Möglicherweise war den Planern die heikle Nachbarschaft gar nicht bewusst. Nach der ersten Offenlegung des Teilregionalplans Energie gingen rund 15.000 Einwendungen beim Regierungspräsidium Kassel ein. Seinerzeit war die Fläche KS 04c noch nicht im Entwurf enthalten. Doch weil das neue für Windkraft vorgesehene Areal in unmittelbarer Nachbarschaft zum Friedwald auftaucht, gibt auch diese Windvorrangfläche Anlass für Einwendungen und Kritik. Schließlich liegen auf dem 116 Hektar großen Friedwaldgelände die Urnen mit der Asche von 5000 Verstorbenen. Für weitere 1000 Urnen gibt es Reservierungen.

„Es gefällt uns nicht, dass hier Windkraftanlagen aufgestellt werden könnten“, sagt Michael Bachmann, Mitglied der Geschäftsführung bei der Friedwald GmbH. Menschen, die hier bestattet werden wollten, hätten den Ort ja gerade wegen des natürlichen Umfeldes und der Waldesruhe gewählt. „Windkraftanlagen berühren dieses Interesse unmittelbar“, sagt Bachmann, es sei klar, „dass wir hier tätig werden müssen“. Die Friedwald GmbH werde sich die „wirkungsvollste Möglichkeit dagegen überlegen“. Man habe ja noch bis zum 29. Mai Gelegenheit, eine Stellungnahme abzugeben.

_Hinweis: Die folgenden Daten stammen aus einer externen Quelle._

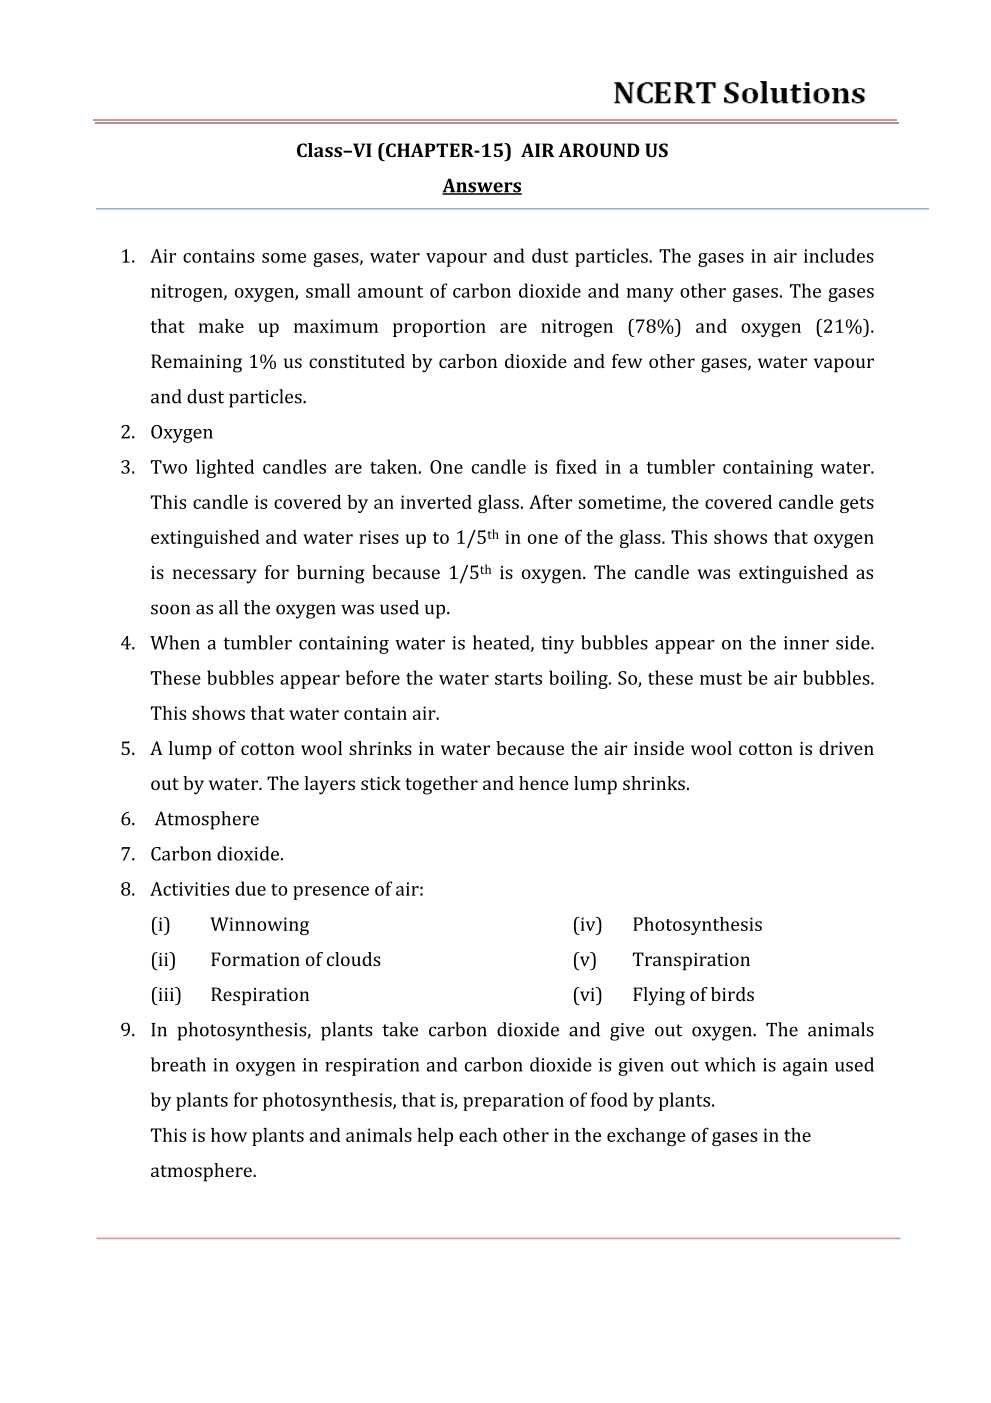 NCERT Solutions For Class 6 Science Chapter 15

Bei Hessen-Forst, der als Eigentümer die Waldflächen an die Friedwald GmbH verpachtet hat, hat man erst durch die zweite Offenlegung erfahren, dass das neue Windvorranggebiet nördlich an den Friedwald angrenzt. Die neue Fläche sei offenbar der Ausgleich dafür, dass man die Fläche KS 04b bei Gottsbüren verringert hat, meint Detlef Stys, stellvertretender Leiter des Landesbetriebs. Fragen nach der Verträglichekit von Windkraftanlagen und Friedwald müssten indes die Fachleute des Betreibers beantworten. Persönlich könne Stys nachvollziehen, „dass Menschen sich an Windrädern neben dem Friedwald stören“.

Kritisch sieht man auch beim Landkreis Kassel die neue Windvorrangfläche. Denn von hier aus gibt es enge Sichtbeziehungen zur Sababurg und zum Tierpark. Im Hinblick auf den Tourismus würden sich 200 Meter hohe Windkraftanlagen, die nur zwei Kilometer von der Sababurg entfernt stünden, als hinderlich erweisen, sagt Harald Kühlborn, Pressesprecher des Kreises. Ob indes nach dem Friedhofsrecht der Friedwald einen besonderen Schutz der Totenruhe beanspruchen könne, müsse geprüft werden. Kühlborn wundert sich, dass in den neuen Karten zur zweiten Offenlegung der Friedwald gar nicht eingezeichnet ist. „Als Landkreis werden wir da jetzt ein besonderes Augenmerk drauf legen“, so der Kreissprecher.

Einzelprüfung jedes Antrags 

Im Regierungspräsidium in Kassel kann man die Bedenken „nicht ganz nachvollziehen“. Jörg Wiegel, stellvertretender Pressesprecher des RP, hält die notwendigen Abstände des neuen Windvorranggebietes zum Friedwald für ausreichend. Zudem seien mit der Fläche ja noch keine konkreten Standorte für einzelne Windkraftanlagen benannt. Und auch, ob sich hierfür überhaupt Investoren finden ließen, sei offen. Wiegel weist darauf hin, dass jeder Bauantrag für ein Windrad eine Einzelprüfung nach dem Bundesimmissionschutzgesetz (BImschG) nach sich ziehe.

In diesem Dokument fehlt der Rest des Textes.